Voila! An elegant and simple proof, something one should always strive for. With this proof, I would like to let you know in fact, that we're finished with building the basic blocks of Einstein notation. As for the identity in e), I would like you to do this as an exercise(It's trivial).

As a note to end, I'd like to let you know that there are many more conventions on the Einstein notation. What I have used here is the all-subscript convention, for simplicity.
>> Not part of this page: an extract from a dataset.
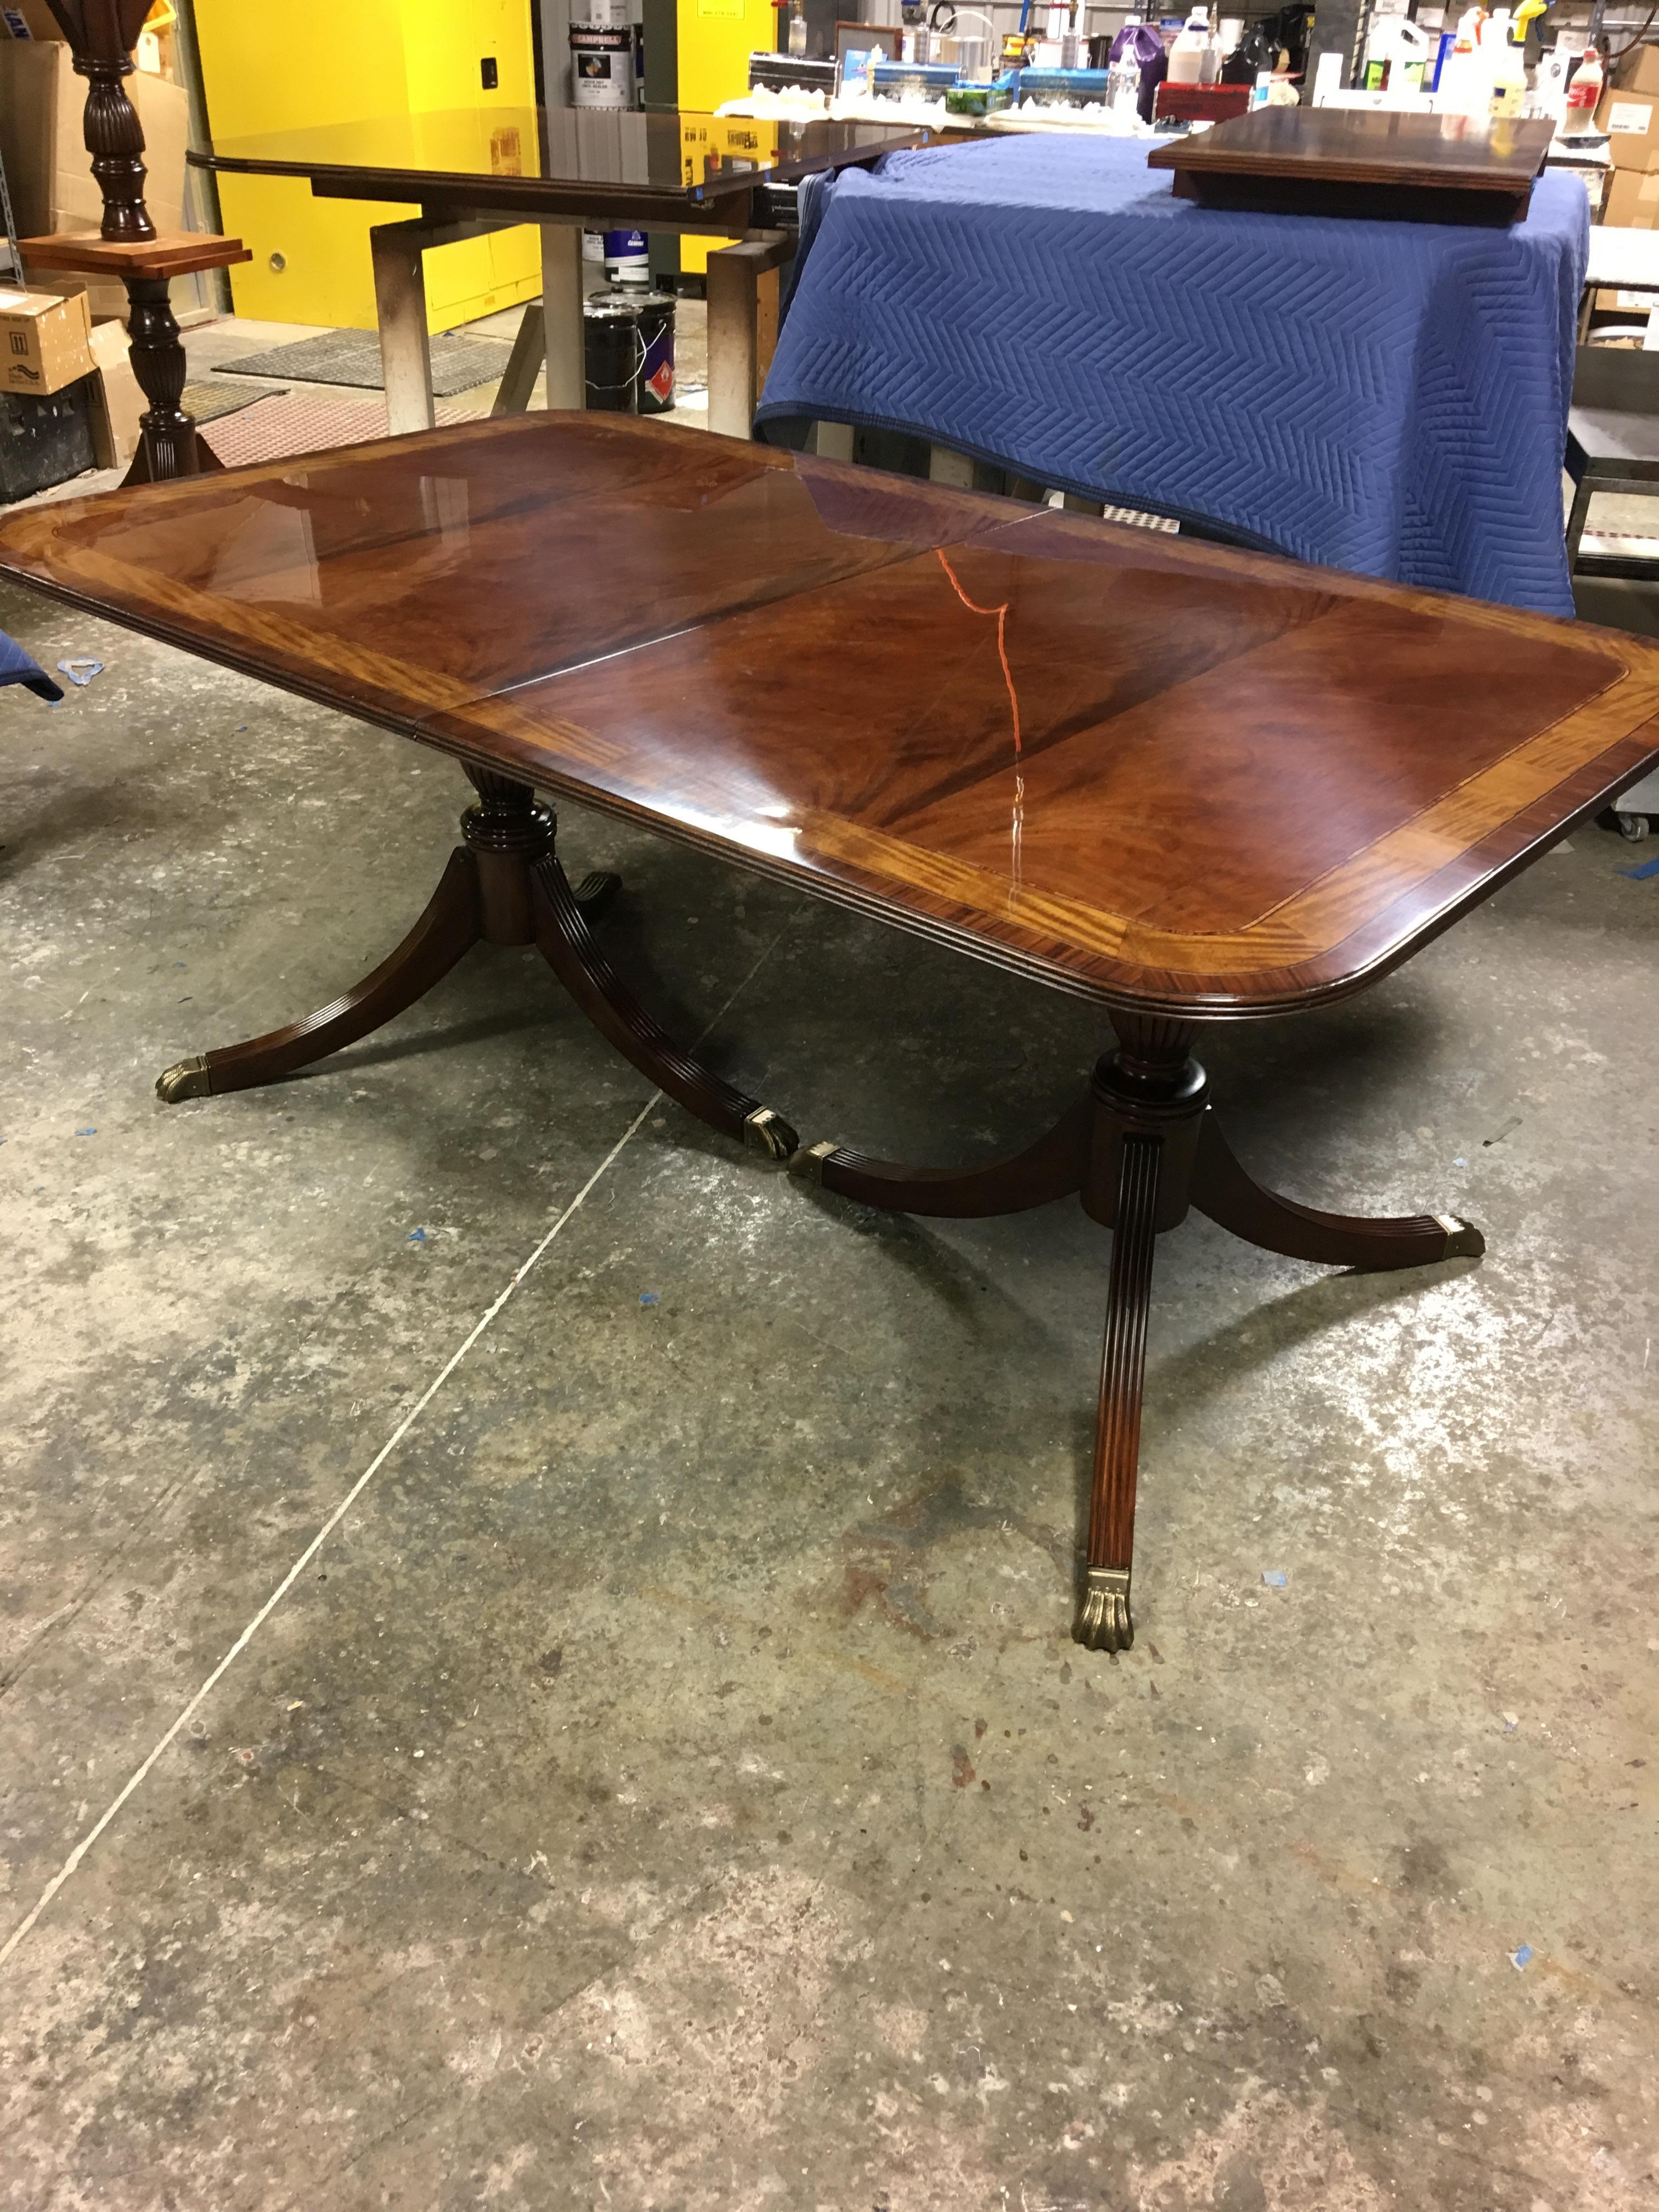 This is a made-to-order Large Traditional mahogany banquet/dining table made in the Leighton Hall shop. It features a field of slip-matched swirly crotch mahogany from west Africa and movingue and santos rosewood borders from South America. The

Another famous convention would be the superscript-subscript convention, which is definitely something to look into once you've studied differential geometry, as they use covariants and contravariants.

Hope you enjoyed my article, have fun with Einstein notation and good luck with your studies! :)

A.P.

P.S. For the sake of accessibility, I try to be as self-contained, as simple, and as explicit as possible, without it being too dumbed down. With this in mind, please do let me know if there is anything unclear, or just something outright wrong so that I could fix it,... and also improve the quality of my posts in the future. Thanks!